> **REQUIRED ACTION**
Wherever "Diana" shows up in the records below, copy the whole line.

> **INFORMATION GIVEN**
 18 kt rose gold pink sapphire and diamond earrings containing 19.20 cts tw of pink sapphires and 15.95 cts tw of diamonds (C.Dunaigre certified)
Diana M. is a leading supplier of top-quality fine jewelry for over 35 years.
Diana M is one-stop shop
* * *
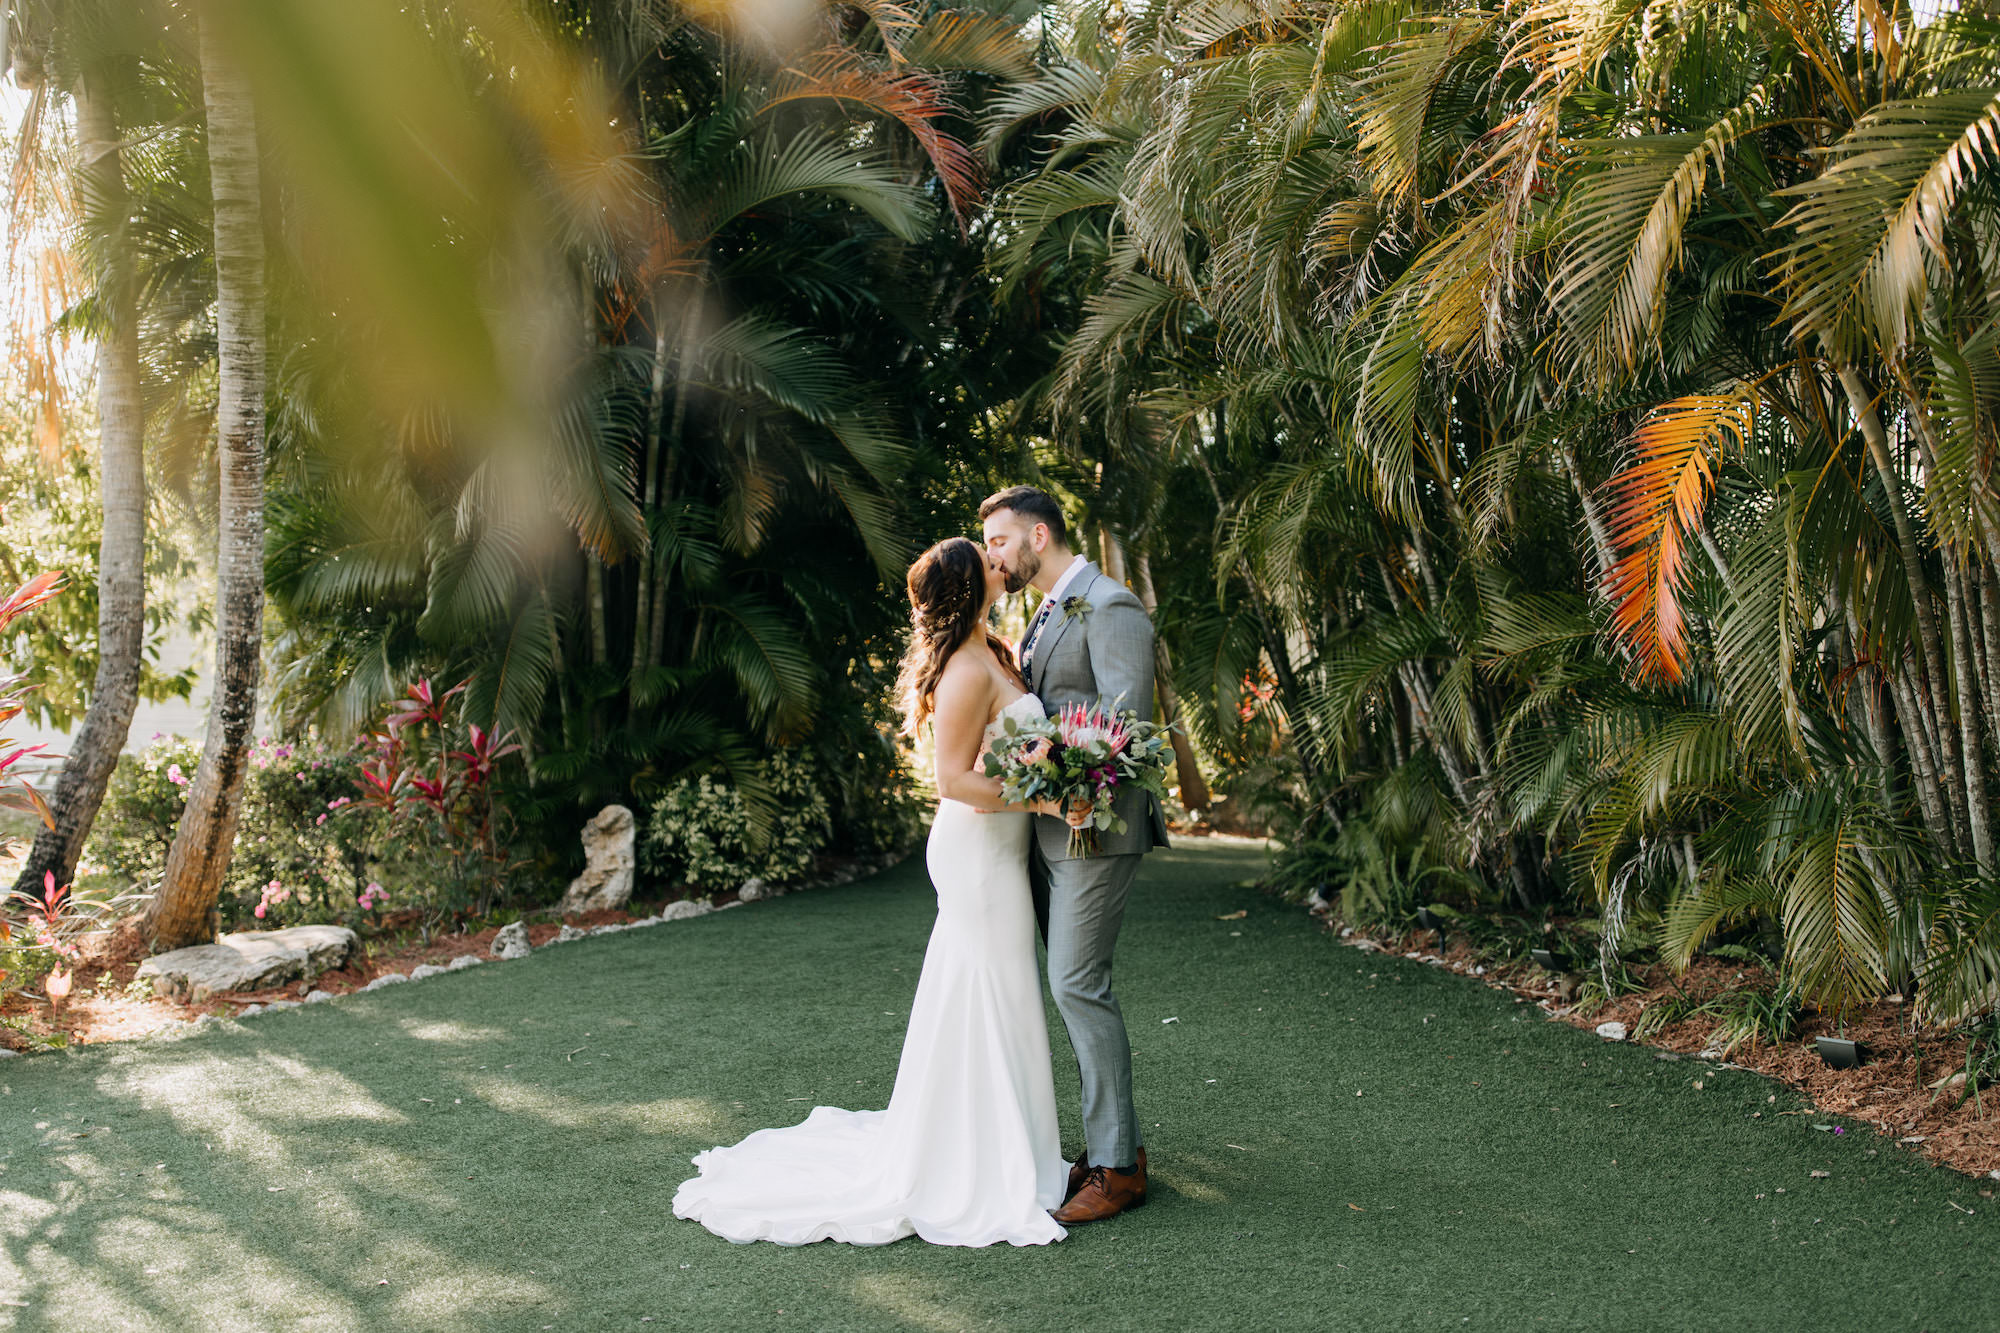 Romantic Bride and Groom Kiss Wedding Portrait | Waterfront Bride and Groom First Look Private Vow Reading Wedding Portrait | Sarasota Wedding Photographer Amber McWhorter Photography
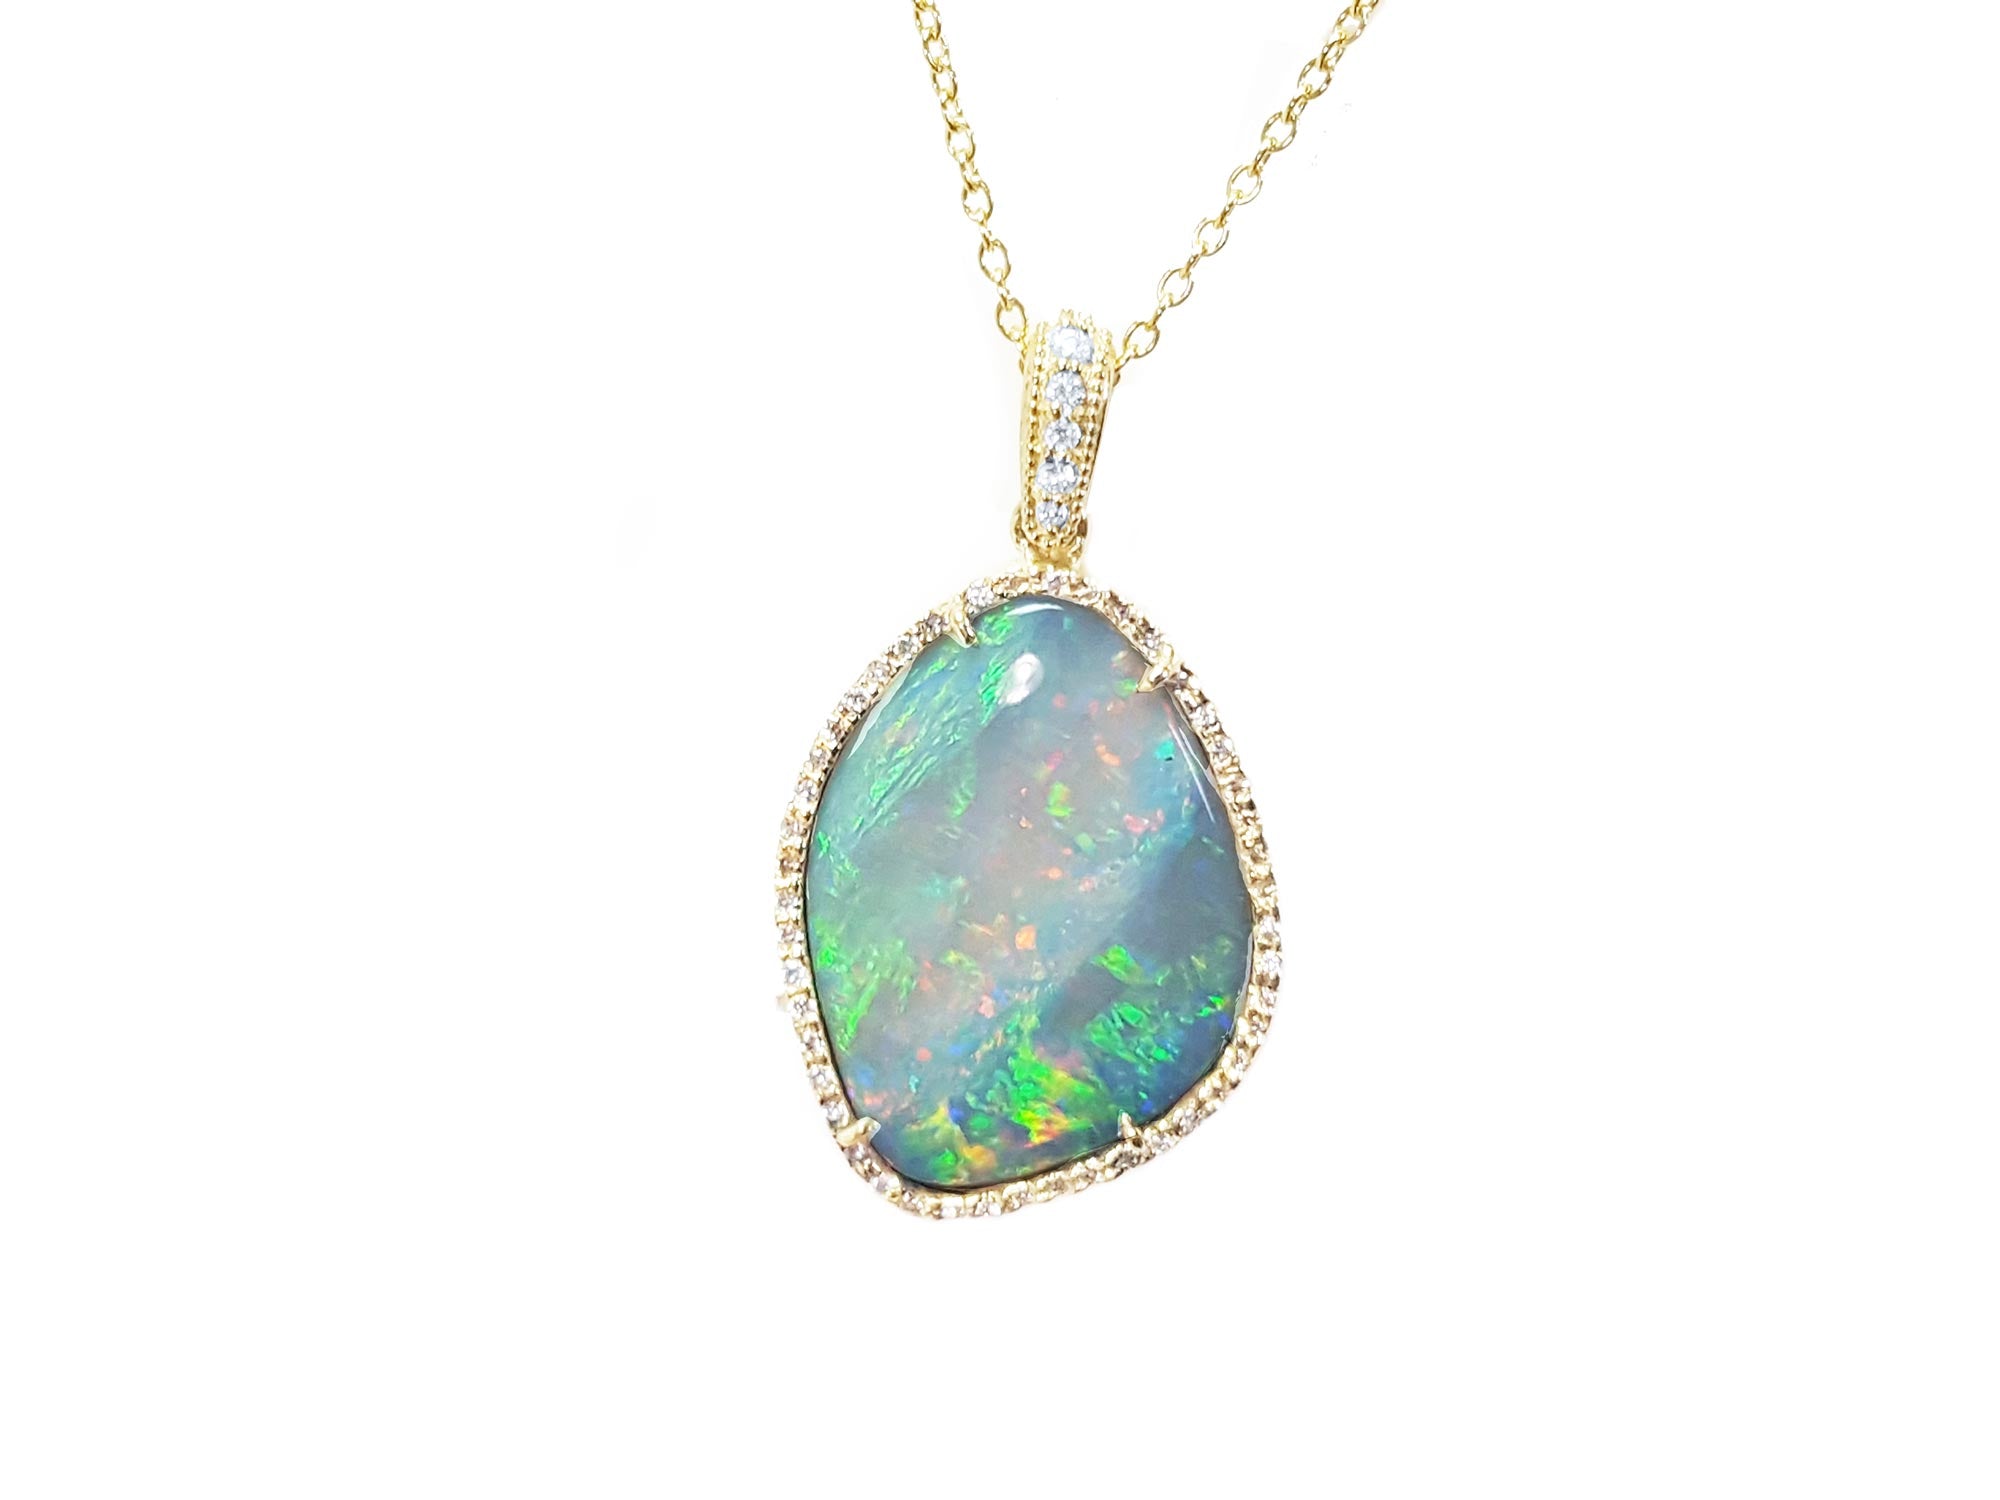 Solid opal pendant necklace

> **RESPONSE TO THE TASK**
Diana M. is a leading supplier of top-quality fine jewelry for over 35 years.
Diana M is one-stop shop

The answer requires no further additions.